Large-scale connectivity is an extraordinary technological and social success story. While IoT is not new in logistics, with 20 billion connected devices already in use globally, this story is still only just beginning. A myriad of technologies (RFID, NFC, BLE, Wi-Fi, 5G, LPWANs, LPGANs, etc.) are simultaneously advancing at a rapid rate, which are also cost effective and increasingly ubiquitous. They are now becoming more accessible which suddenly opens up vast opportunities for the development of applications and use cases at an unprecedented rate.
They will help companies address long-standing challenges such as poor end-to-end visibility across networks. They will play a critical role in the sectors efforts to improve efficiency through greater automation of both planning and execution. They could even enable the creation of entirely new processes, services, and business models.
«The top three priorities identified shaping visibility strategies are end-to-end transportation visibility, inventory visibility, and the implementation of supply chain data analytics.«
In a future where everyone and everything is online everywhere, three key things will become possible for the logistics industry:
- Total Visibility: Every shipment, logistics asset, infrastructure, and facility will be connected thanks to widely available networks and inexpensive high-performance sensors. This will enable highly efficient automation, process improvement, swifter and more transparent incident resolution, and «ultimately» the best service quality for both B2B and B2C customers.
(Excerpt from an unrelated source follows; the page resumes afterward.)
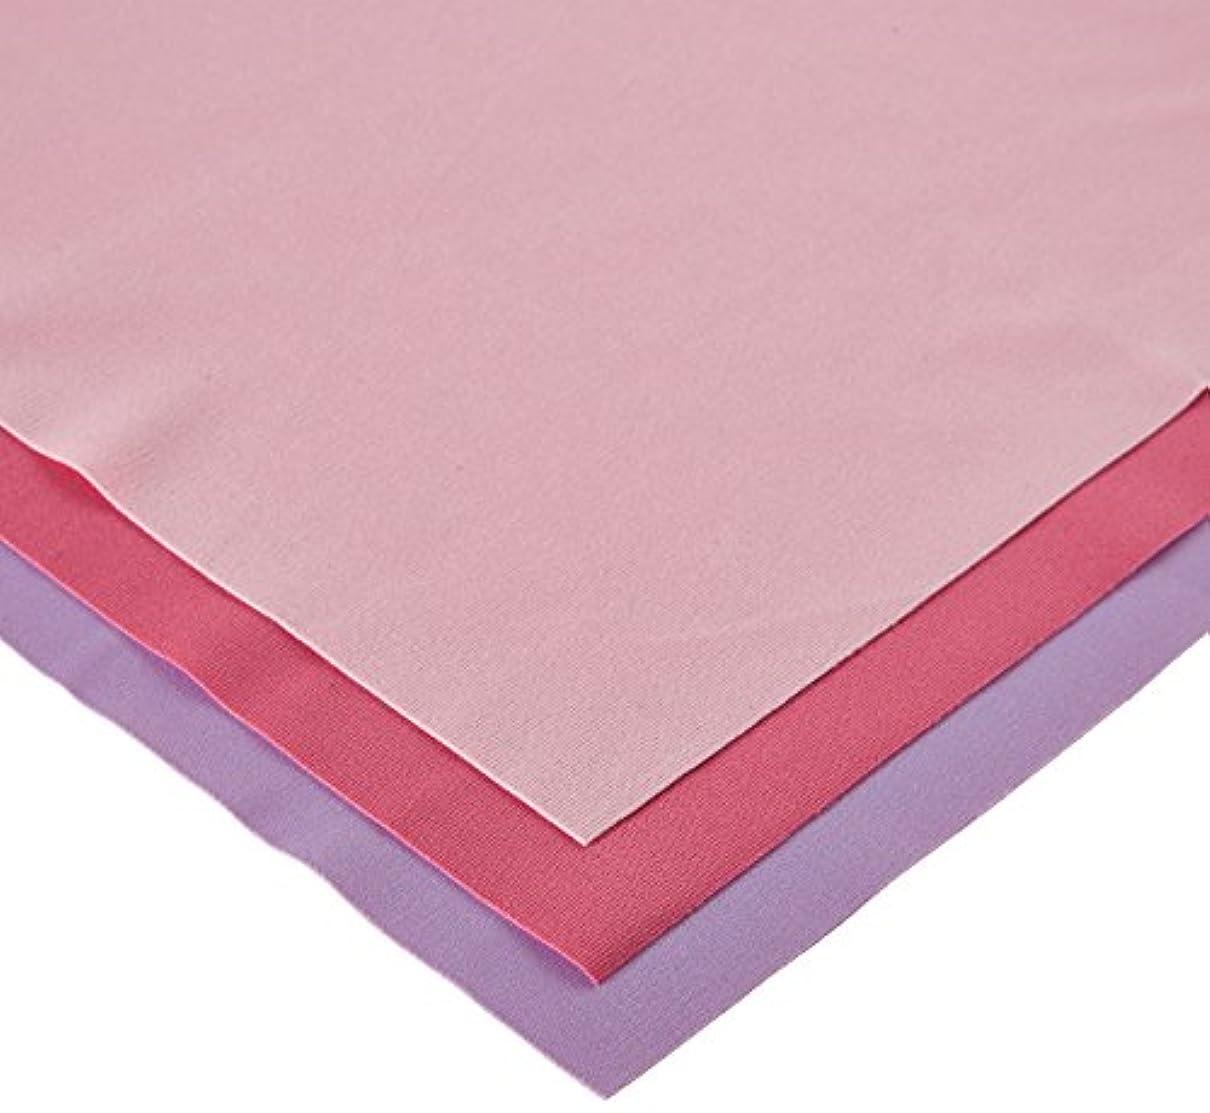 Babyville PUL Waterproof Diaper Fabric 21

- Wide-Scale Autonomy: All autonomous vehicles, whether indoor robots or logistics vehicles on public roads, rely on ultra-fast, reliable wireless communication to navigate and traverse their worlds effectively. While these solutions are on the rise today, next-generation wireless will be one key enabler driving their widespread use and moving the world to autonomous supply chains.
- Perfecting Prediction: With so many things online, the volume, velocity, and variety of data that we collect will triple the big data already being generated today. The continued progress of machine learning systems and artificial intelligence paired with the ultra-low latency of next generation-wireless means that data-driven prediction systems for forecasting, delivery timing and routing may no longer be constrained by latency and performance of wireless networks.